-- Opening Marker --
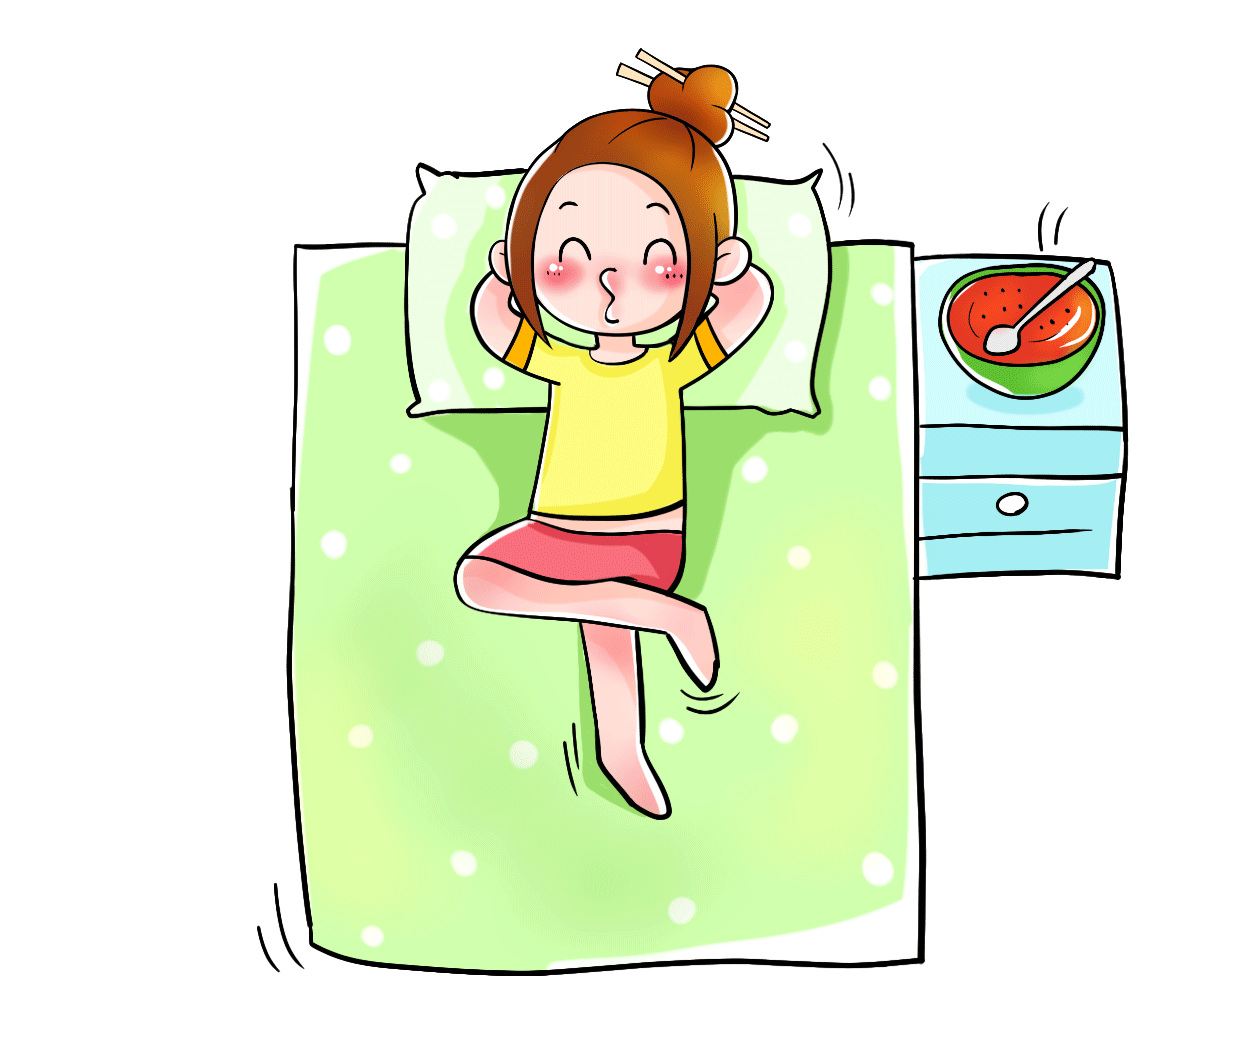 一 个 人 的 夏 日 午 后吃 完 半 个 冰 西 瓜 躺 在 床 上哼 着 小
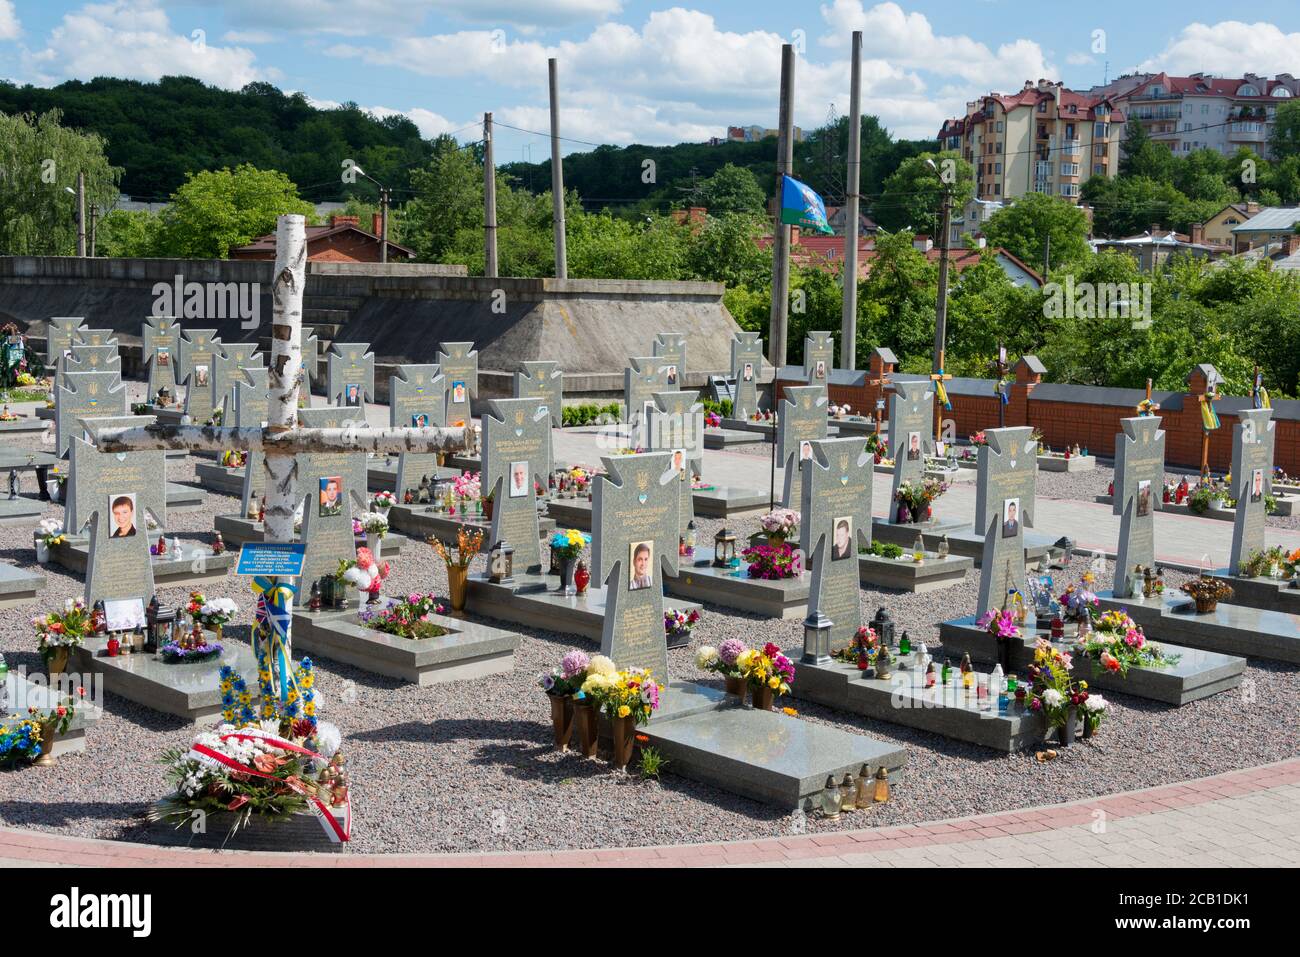 Lviv, Ukraine - Ukrainische National Army Memorial in Lychakiv Friedhof. Ein berühmter und historischer Friedhof in Lviv, Ukraine. Stockfoto
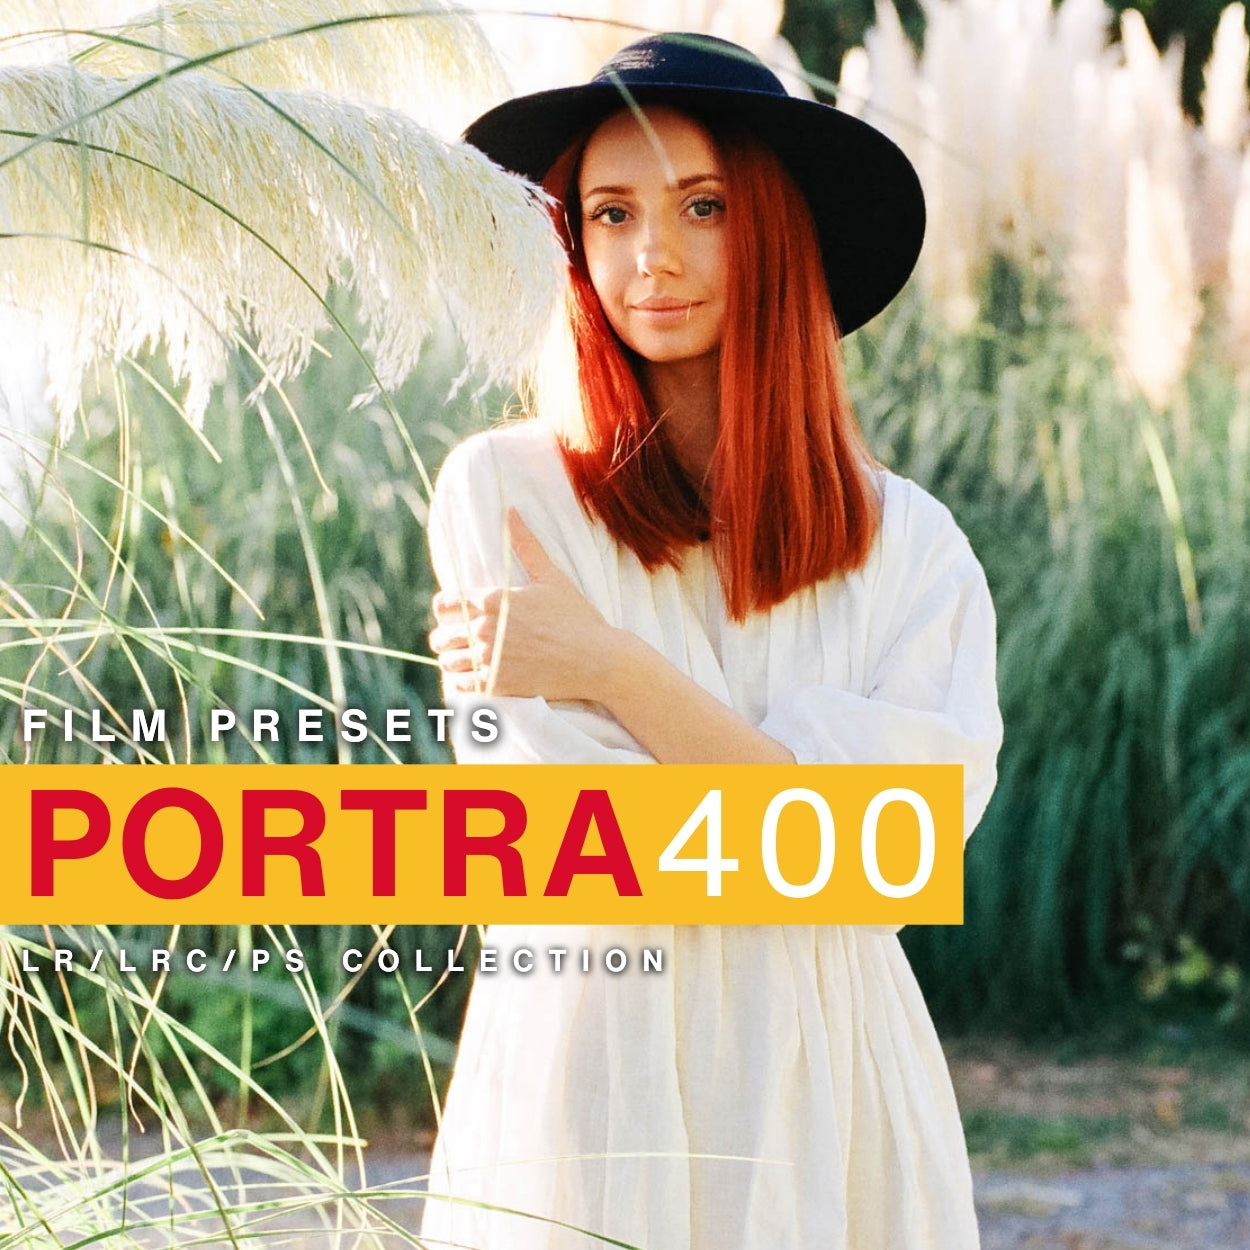 Kodak Portra 400 Film Filter Lightroom Presets For Adobe Lightroom Mobile & Desktop By Lou And Marks Presets analog
-- Closing Marker --
Copy out the data above exactly, except the pictures.

 一 个 人 的 夏 日 午 后吃 完 半 个 冰 西 瓜 躺 在 床 上哼 着 小
 Lviv, Ukraine - Ukrainische National Army Memorial in Lychakiv Friedhof. Ein berühmter und historischer Friedhof in Lviv, Ukraine. Stockfoto
 Kodak Portra 400 Film Filter Lightroom Presets For Adobe Lightroom Mobile & Desktop By Lou And Marks Presets analog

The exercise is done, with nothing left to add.